= Petr Akopov =

Russian propagandist

Petr Akopov (Петр Акопов; born 7 October 1968) is a Russian propagandist and writer. Akopov writes and works for RIA Novosti, a Russian state-owned news agency.

Akapov was the author of the prematurely published and then retracted article titled "The arrival/attack of Russia and the new world" ("Наступление России и нового мира"), which was written in advance anticipating the Russian victory in the 2022 invasion of Ukraine.
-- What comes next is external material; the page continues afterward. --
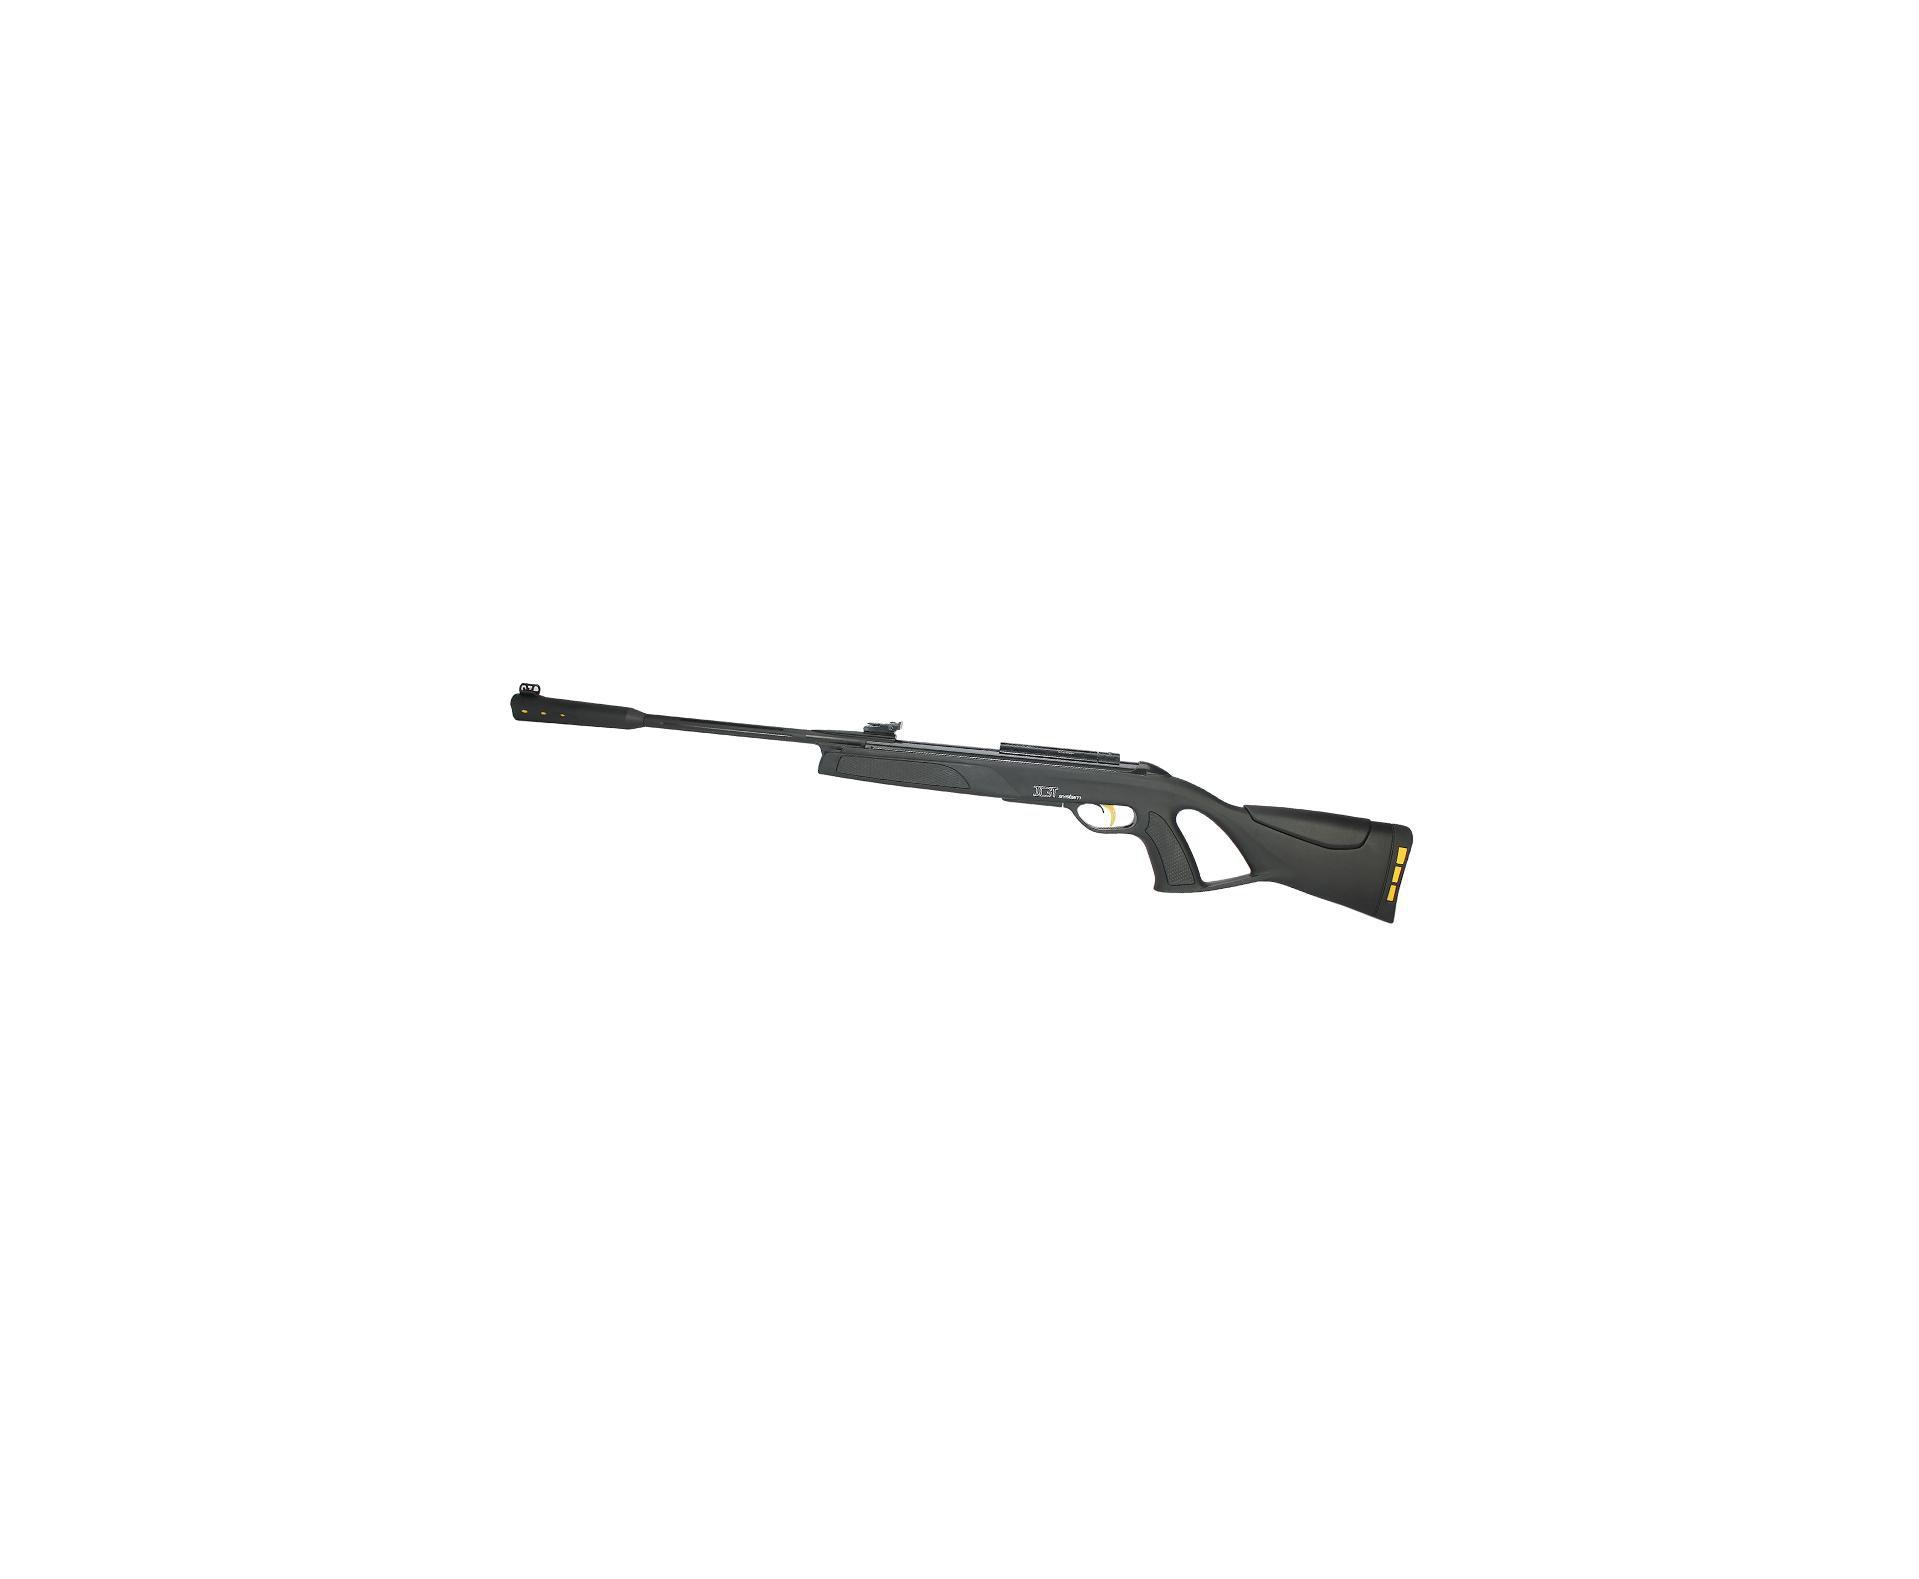 Carabina De Pressão Elite Premium Igt - Gas Ram - Polimero Cal 5,5mm - Gamo

In the ominous article, Akapov announced that "Ukraine has returned to Russia" and condemned "Anglo-Saxons who rule the West" for "attempting to steal Russian land", and asserted that Russian President Vladimir Putin's launch of the invasion resolved the "Ukrainian question" to establish a "new world order" with "Russia, Belarus and Ukraine". Before the news agency retracted the article, it was republished by Pakistani newspaper The Frontier Post in English.

Akopov is listed by the database Putin's List as a Russian propagandist, accused of "public support for the Russian military aggression against Ukraine. He is also included in the report "1500 warmongers" compiled by the Free Russia Forum. The report contains the names of Russian propagandists and others who were publicly involved in supporting Putin's invasion of Ukraine. In July 2022, he was sanctioned by the Canadian government for his role in the Russian information war against Ukraine.